同时executor初始化时,会启动一个任务去像driver反馈心跳:

/**
   * Schedules a task to report heartbeat and partial metrics for active tasks to driver.
   */
  private def startDriverHeartbeater(): Unit = {
    val intervalMs = conf.getTimeAsMs("spark.executor.heartbeatInterval", "10s")

    // Wait a random interval so the heartbeats don't end up in sync
    val initialDelay = intervalMs + (math.random * intervalMs).asInstanceOf[Int]

    val heartbeatTask = new Runnable() {
      override def run(): Unit = Utils.logUncaughtExceptions(reportHeartBeat())
    }
    heartbeater.scheduleAtFixedRate(heartbeatTask, initialDelay, intervalMs, TimeUnit.MILLISECONDS)
  }
}

3. 调度流程

看一下主要的方法

这几个方法都是在CoarseGrainedExecutorBackend的相应方法中调用的。

CoarseGrainedExecutorBackend持有一个Executor对象

看下CoarseGrainedExecutorBackend启动方法:
override def onStart() {
  logInfo("Connecting to driver: " + driverUrl)
  rpcEnv.asyncSetupEndpointRefByURI(driverUrl).flatMap { ref =>
    // This is a very fast action so we can use "ThreadUtils.sameThread"
    driver = Some(ref)
    ref.ask[Boolean](RegisterExecutor(executorId, self, hostname, cores, extractLogUrls))
  }(ThreadUtils.sameThread).onComplete {
    // This is a very fast action so we can use "ThreadUtils.sameThread"
    case Success(msg) =>
      // Always receive `true`. Just ignore it
    case Failure(e) =>
      exitExecutor(1, s"Cannot register with driver: $driverUrl", e, notifyDriver = false)
  }(ThreadUtils.sameThread)
}

其实就是去Driver上注册了一个Executor。

看下receive 方法中怎么处理的:

override def receive: PartialFunction[Any, Unit] = {
  case RegisteredExecutor =>
    logInfo("Successfully registered with driver")
    try {
      // 注册成功后在本地创建对应的Executor
      executor = new Executor(executorId, hostname, env, userClassPath, isLocal = false)
    } catch {
      case NonFatal(e) =>
        exitExecutor(1, "Unable to create executor due to " + e.getMessage, e)
    }

  case RegisterExecutorFailed(message) =>
    exitExecutor(1, "Slave registration failed: " + message)

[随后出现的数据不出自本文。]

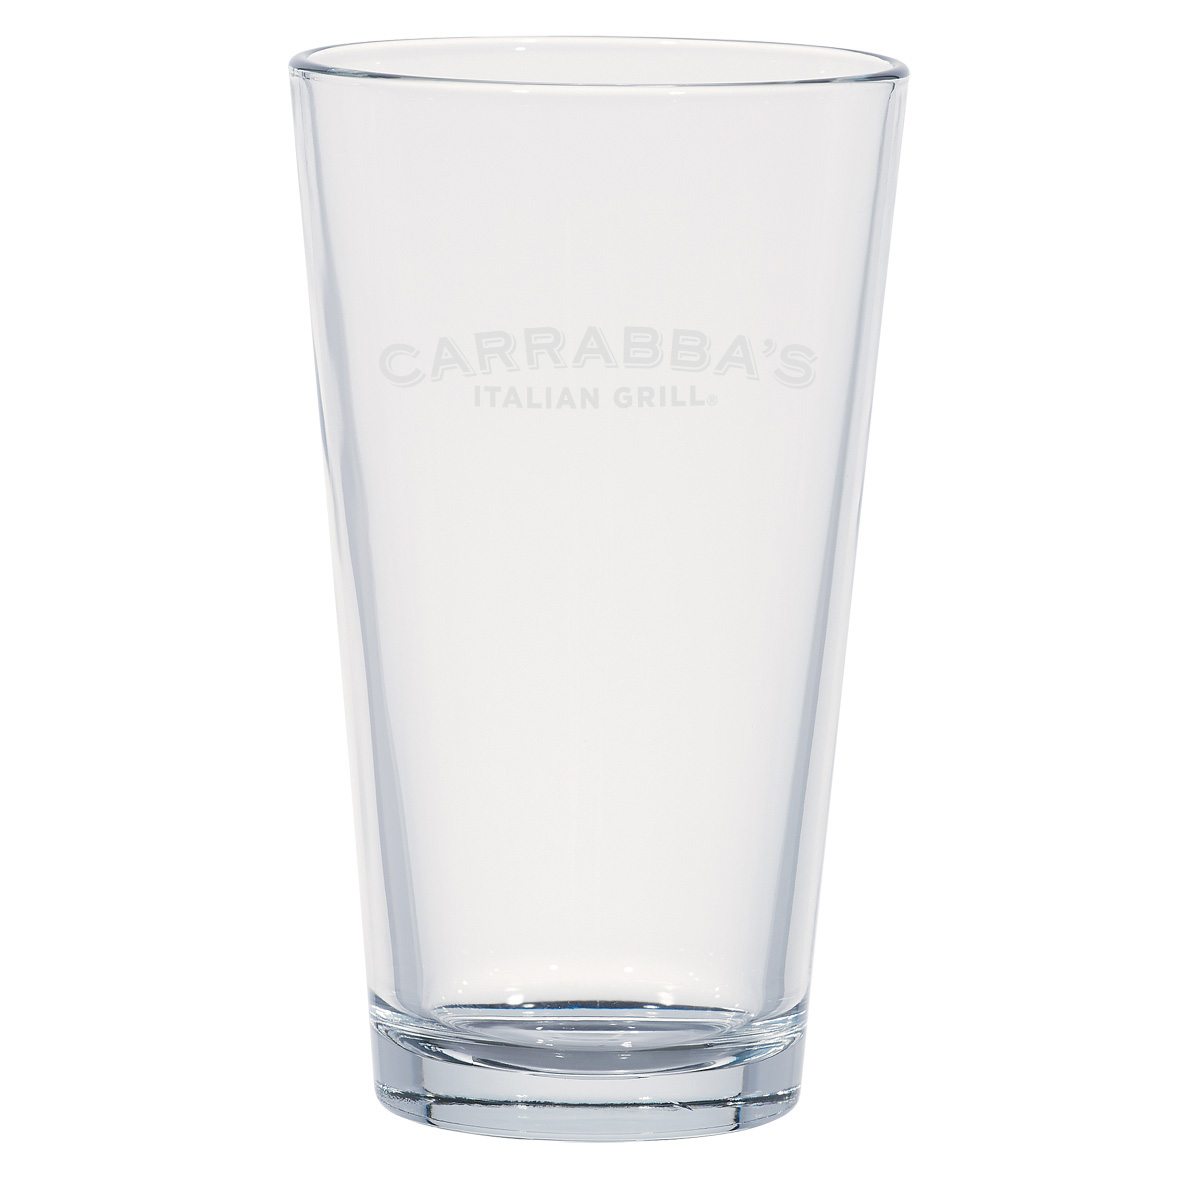 Zatarain's 16 oz Pint Glass (set of 2) – Shop McCormick

  case LaunchTask(data) =>
    if (executor == null) {
      exitExecutor(1, "Received LaunchTask command but executor was null")
    } else {
      val taskDesc = TaskDescription.decode(data.value)
      logInfo("Got assigned task " + taskDesc.taskId)
      executor.launchTask(this, taskDesc)
    }

  case KillTask(taskId, _, interruptThread, reason) =>
    if (executor == null) {
      exitExecutor(1, "Received KillTask command but executor was null")
    } else {
      executor.killTask(taskId, interruptThread, reason)
    }

  case StopExecutor =>
    stopping.set(true)
    logInfo("Driver commanded a shutdown")
    // Cannot shutdown here because an ack may need to be sent back to the caller. So send
    // a message to self to actually do the shutdown.
    self.send(Shutdown)

  case Shutdown =>
    stopping.set(true)
    new Thread("CoarseGrainedExecutorBackend-stop-executor") {
      override def run(): Unit = {
        // executor.stop() will call `SparkEnv.stop()` which waits until RpcEnv stops totally.
        // However, if `executor.stop()` runs in some thread of RpcEnv, RpcEnv won't be able to
        // stop until `executor.stop()` returns, which becomes a dead-lock (See SPARK-14180).
        // Therefore, we put this line in a new thread.
        executor.stop()
      }
    }.start()

  case UpdateDelegationTokens(tokenBytes) =>
    logInfo(s"Received tokens of ${tokenBytes.length} bytes")
    SparkHadoopUtil.get.addDelegationTokens(tokenBytes, env.conf)
}

跟DagScheduler的doOnReceive方法差不多,通过模式匹配分发任务,处理具体的工作。我们以launchTask为例来看一下,在driver返回的是LaunchTask指令的情况下,就执行LaunchTask操作。在executor不为null 的情况下,解码driver返回的任务信息,调用executor.launchTask方法去启动task。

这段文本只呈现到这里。